US markets edged higher Wednesday following Tuesday's charge. But this doesn't necessarily signify a meaningful turn in markets. Snap-back rallies are common when pessimism is extreme and stocks are extremely oversold (which they are). Uncertainty is still the name of the game as clues—but not specifics—continue to drop about the US financial system's future.
In an interview Tuesday, Treasury Secretary Timothy Geithner announced a two-pronged approach to revive the asset-backed securities market. One, the government will directly inject capital into banks as an incentive to get them to sell distressed securities to investors. Two, the government will give federal financing to private investors to buy the assets. Geithner said more "precise" details will be revealed in a few weeks and the program will be implemented over the following weeks and months.
The plan sounds all well and good, but potentially faces the same execution problems as the Troubled Asset Relief Program (TARP). (The phrase, "the devil's in the details" will no doubt haunt Geithner to his grave if this program proves unfeasible.) The Federal Reserve's Term Asset- Backed Securities Loan Facility (TALF) is already facing hurdles, so we will see what happens.

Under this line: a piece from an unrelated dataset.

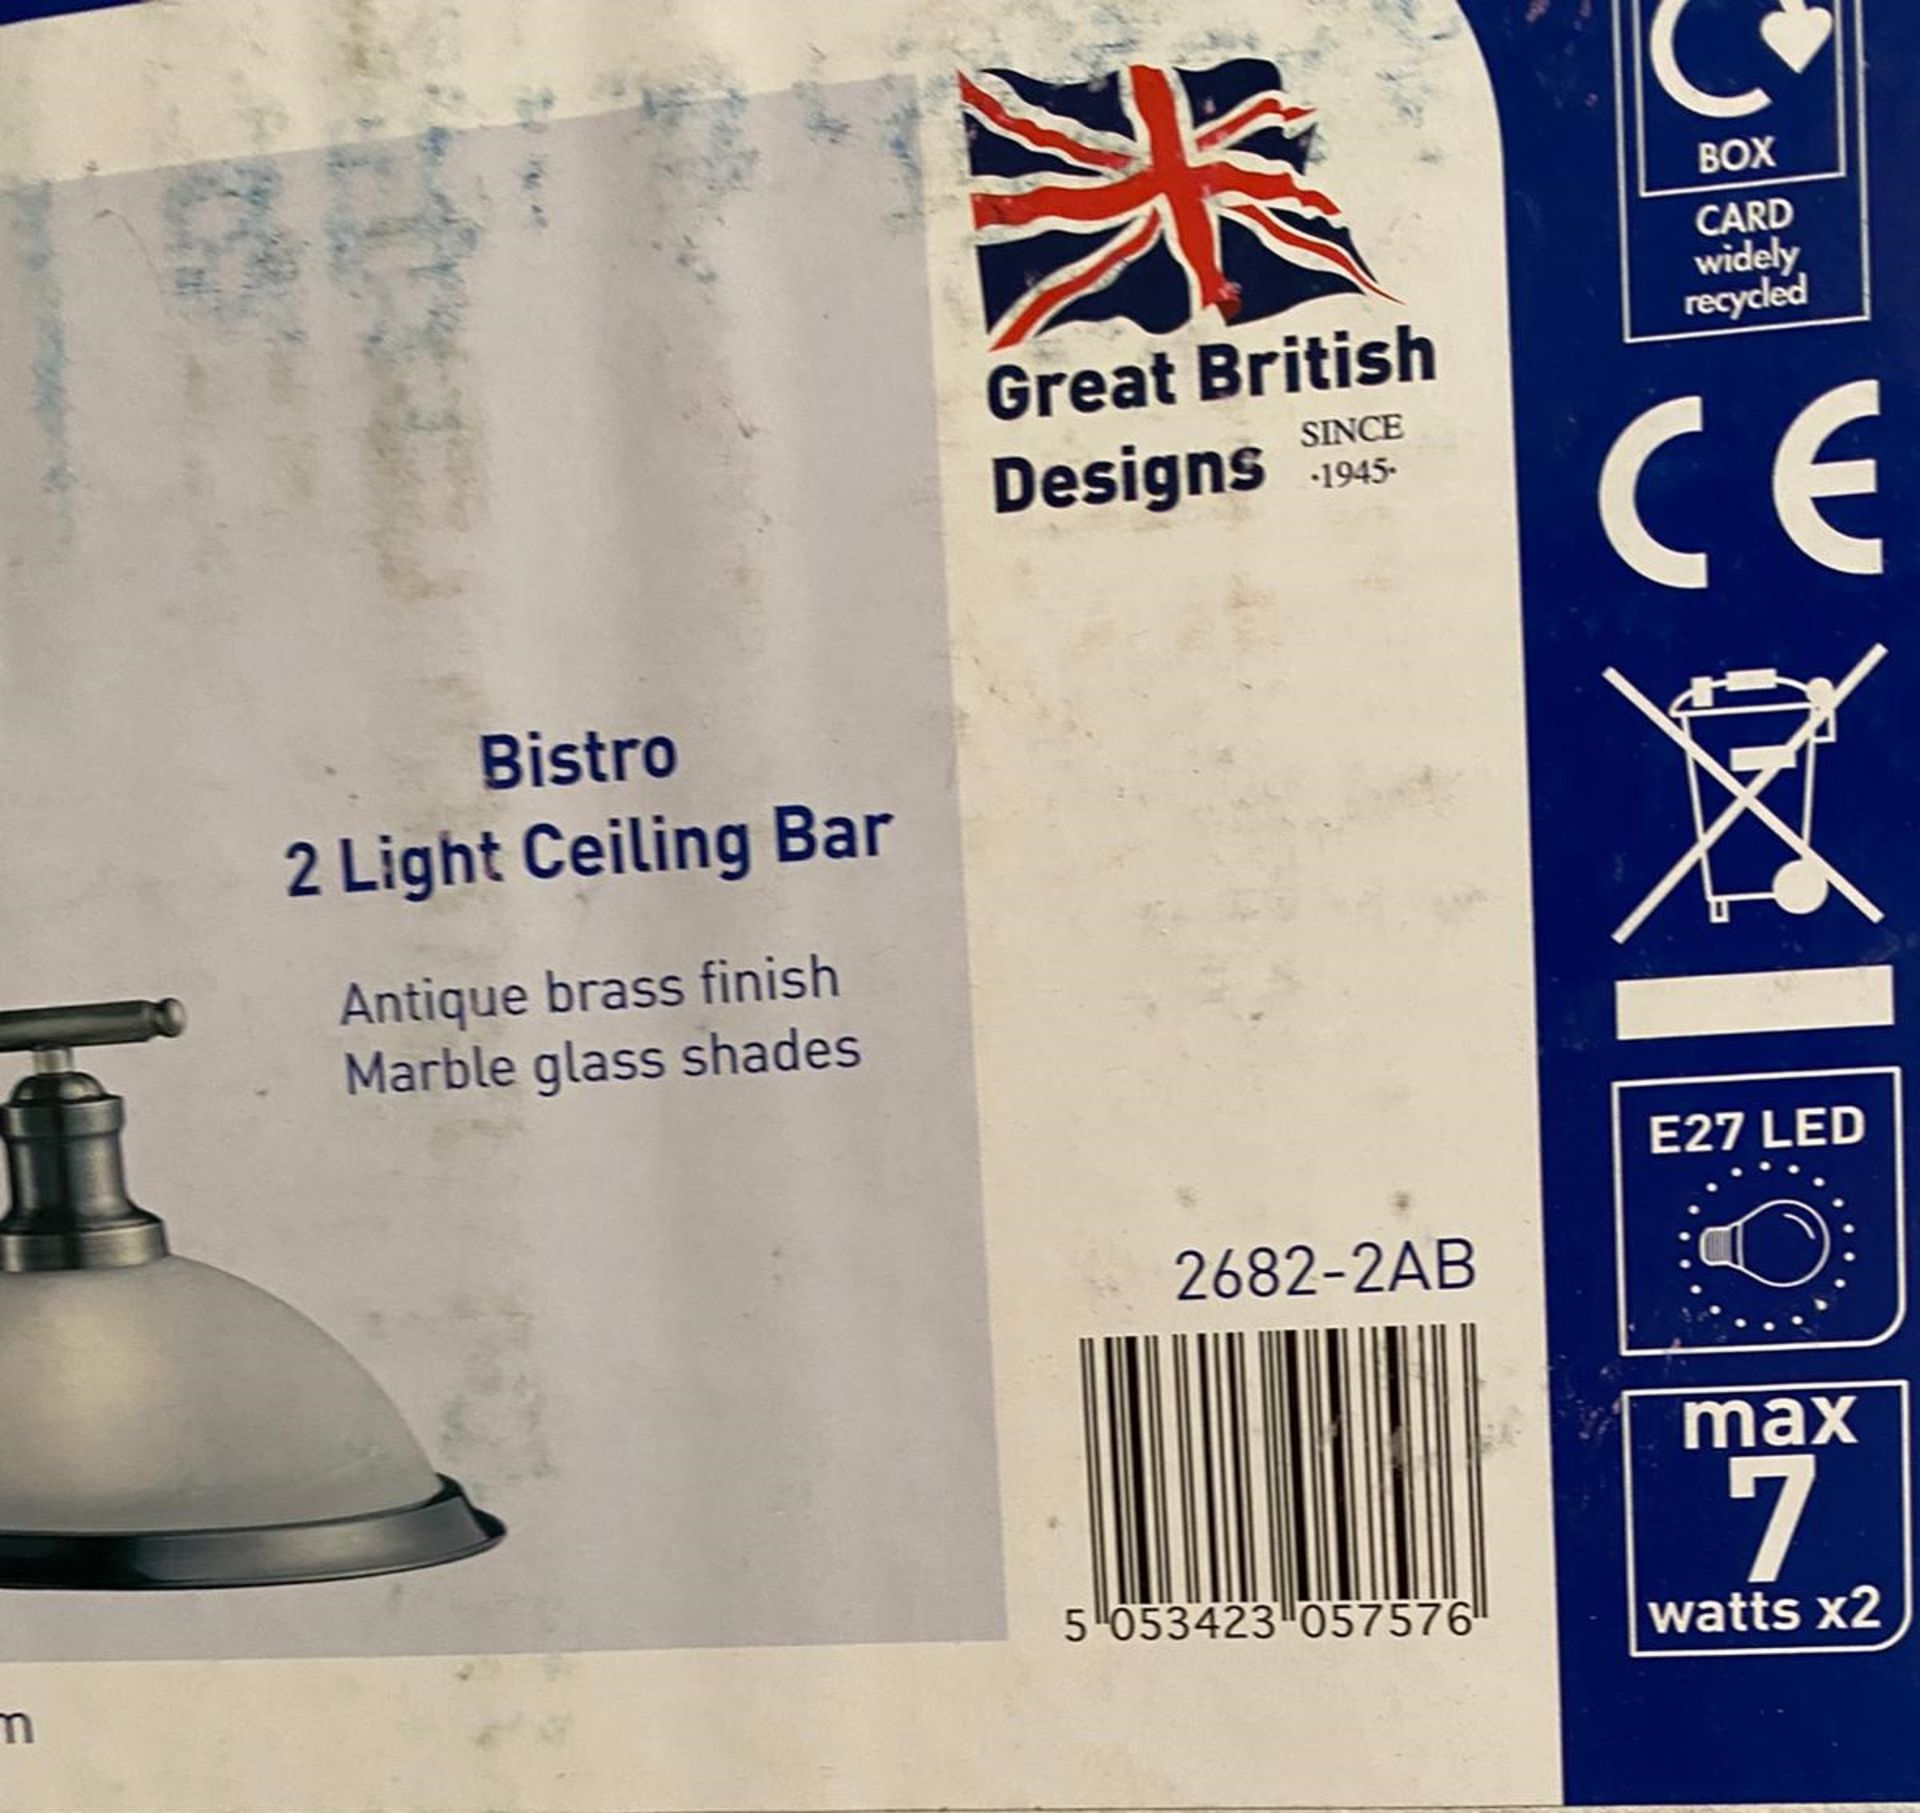 1 x Searchlight Bistro 2 Light Ceiling Bar in Antique Brass - Ref: 2682-2AB - New Boxed - RRP: £115 - Image 2 of 3

In his corner, Federal Reserve Chairman Ben Bernanke scored jabs against the US financial system in prepared remarks on Tuesday. Bernanke emphasized the importance of stabilizing the financial system, but noted problems with regulatory policy, accounting rules, capital requirements, "too big to fail" firms, mark-to-market accounting, money-market funds, the tri-party repo market, etc., etc.— essentially urging a broad, sweeping system overhaul.
Advocating greater transparency and visibility is good, but it seems Bernanke is trying to amass even more power for the central bank. Maybe it's news to Ben, but the Fed already controls all banks—how much more can it chew? We've long thought having more of the financial system under one regulatory roof is a splendid idea, but an attentive eye should be kept on the extent this body becomes politicized and overburdened with regulations.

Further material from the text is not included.